WORK REQUEST: Please output the data below exactly as given, starting at its first line and stopping after the line that contains "Antique Automobile Headlamps".

[Data excerpts]
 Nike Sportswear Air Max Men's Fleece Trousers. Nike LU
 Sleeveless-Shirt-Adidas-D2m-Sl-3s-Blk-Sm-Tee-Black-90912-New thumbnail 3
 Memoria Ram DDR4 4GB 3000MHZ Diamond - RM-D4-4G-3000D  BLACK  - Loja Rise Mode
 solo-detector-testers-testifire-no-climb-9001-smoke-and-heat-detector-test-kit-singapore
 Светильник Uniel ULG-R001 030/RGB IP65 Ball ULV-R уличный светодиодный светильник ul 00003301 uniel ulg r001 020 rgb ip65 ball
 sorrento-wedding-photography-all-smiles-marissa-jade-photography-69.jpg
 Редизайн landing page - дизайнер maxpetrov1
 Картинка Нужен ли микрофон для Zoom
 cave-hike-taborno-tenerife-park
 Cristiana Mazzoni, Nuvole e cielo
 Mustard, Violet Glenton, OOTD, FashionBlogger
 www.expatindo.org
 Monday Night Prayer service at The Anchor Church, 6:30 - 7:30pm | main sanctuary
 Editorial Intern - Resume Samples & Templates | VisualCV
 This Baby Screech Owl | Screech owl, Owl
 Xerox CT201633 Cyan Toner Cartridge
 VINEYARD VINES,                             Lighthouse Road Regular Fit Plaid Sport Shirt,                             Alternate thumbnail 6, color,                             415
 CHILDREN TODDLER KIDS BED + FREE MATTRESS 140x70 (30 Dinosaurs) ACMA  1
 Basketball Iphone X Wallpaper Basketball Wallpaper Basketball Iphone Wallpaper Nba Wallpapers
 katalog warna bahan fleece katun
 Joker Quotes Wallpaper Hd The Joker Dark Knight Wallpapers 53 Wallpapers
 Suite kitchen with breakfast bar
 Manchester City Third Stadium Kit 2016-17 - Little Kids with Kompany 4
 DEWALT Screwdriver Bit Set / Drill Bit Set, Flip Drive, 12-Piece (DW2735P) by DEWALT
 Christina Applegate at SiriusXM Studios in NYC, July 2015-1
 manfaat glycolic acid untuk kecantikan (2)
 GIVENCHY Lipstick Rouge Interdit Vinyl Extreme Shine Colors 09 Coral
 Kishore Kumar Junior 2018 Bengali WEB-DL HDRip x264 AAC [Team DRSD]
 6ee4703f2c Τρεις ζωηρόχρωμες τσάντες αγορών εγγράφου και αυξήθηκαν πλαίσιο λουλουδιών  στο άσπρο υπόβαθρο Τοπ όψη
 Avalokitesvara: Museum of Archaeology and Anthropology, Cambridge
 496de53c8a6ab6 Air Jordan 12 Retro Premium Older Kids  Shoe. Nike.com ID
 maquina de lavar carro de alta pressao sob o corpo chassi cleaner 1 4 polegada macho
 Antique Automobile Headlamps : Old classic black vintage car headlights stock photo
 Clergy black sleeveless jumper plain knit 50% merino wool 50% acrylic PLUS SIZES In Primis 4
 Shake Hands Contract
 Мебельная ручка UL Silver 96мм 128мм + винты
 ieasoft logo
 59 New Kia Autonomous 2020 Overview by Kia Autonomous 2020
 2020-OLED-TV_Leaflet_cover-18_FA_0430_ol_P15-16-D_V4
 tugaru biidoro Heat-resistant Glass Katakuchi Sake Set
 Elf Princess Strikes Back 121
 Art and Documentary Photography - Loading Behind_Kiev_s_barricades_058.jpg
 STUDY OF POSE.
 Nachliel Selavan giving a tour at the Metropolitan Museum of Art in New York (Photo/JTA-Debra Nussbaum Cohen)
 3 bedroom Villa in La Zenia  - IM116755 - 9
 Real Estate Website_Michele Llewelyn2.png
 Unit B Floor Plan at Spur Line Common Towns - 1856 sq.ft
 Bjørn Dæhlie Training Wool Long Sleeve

PROBLEM SOLUTION:
 Nike Sportswear Air Max Men's Fleece Trousers. Nike LU
 Sleeveless-Shirt-Adidas-D2m-Sl-3s-Blk-Sm-Tee-Black-90912-New thumbnail 3
 Memoria Ram DDR4 4GB 3000MHZ Diamond - RM-D4-4G-3000D  BLACK  - Loja Rise Mode
 solo-detector-testers-testifire-no-climb-9001-smoke-and-heat-detector-test-kit-singapore
 Светильник Uniel ULG-R001 030/RGB IP65 Ball ULV-R уличный светодиодный светильник ul 00003301 uniel ulg r001 020 rgb ip65 ball
 sorrento-wedding-photography-all-smiles-marissa-jade-photography-69.jpg
 Редизайн landing page - дизайнер maxpetrov1
 Картинка Нужен ли микрофон для Zoom
 cave-hike-taborno-tenerife-park
 Cristiana Mazzoni, Nuvole e cielo
 Mustard, Violet Glenton, OOTD, FashionBlogger
 www.expatindo.org
 Monday Night Prayer service at The Anchor Church, 6:30 - 7:30pm | main sanctuary
 Editorial Intern - Resume Samples & Templates | VisualCV
 This Baby Screech Owl | Screech owl, Owl
 Xerox CT201633 Cyan Toner Cartridge
 VINEYARD VINES,                             Lighthouse Road Regular Fit Plaid Sport Shirt,                             Alternate thumbnail 6, color,                             415
 CHILDREN TODDLER KIDS BED + FREE MATTRESS 140x70 (30 Dinosaurs) ACMA  1
 Basketball Iphone X Wallpaper Basketball Wallpaper Basketball Iphone Wallpaper Nba Wallpapers
 katalog warna bahan fleece katun
 Joker Quotes Wallpaper Hd The Joker Dark Knight Wallpapers 53 Wallpapers
 Suite kitchen with breakfast bar
 Manchester City Third Stadium Kit 2016-17 - Little Kids with Kompany 4
 DEWALT Screwdriver Bit Set / Drill Bit Set, Flip Drive, 12-Piece (DW2735P) by DEWALT
 Christina Applegate at SiriusXM Studios in NYC, July 2015-1
 manfaat glycolic acid untuk kecantikan (2)
 GIVENCHY Lipstick Rouge Interdit Vinyl Extreme Shine Colors 09 Coral
 Kishore Kumar Junior 2018 Bengali WEB-DL HDRip x264 AAC [Team DRSD]
 6ee4703f2c Τρεις ζωηρόχρωμες τσάντες αγορών εγγράφου και αυξήθηκαν πλαίσιο λουλουδιών  στο άσπρο υπόβαθρο Τοπ όψη
 Avalokitesvara: Museum of Archaeology and Anthropology, Cambridge
 496de53c8a6ab6 Air Jordan 12 Retro Premium Older Kids  Shoe. Nike.com ID
 maquina de lavar carro de alta pressao sob o corpo chassi cleaner 1 4 polegada macho
 Antique Automobile Headlamps : Old classic black vintage car headlights stock photo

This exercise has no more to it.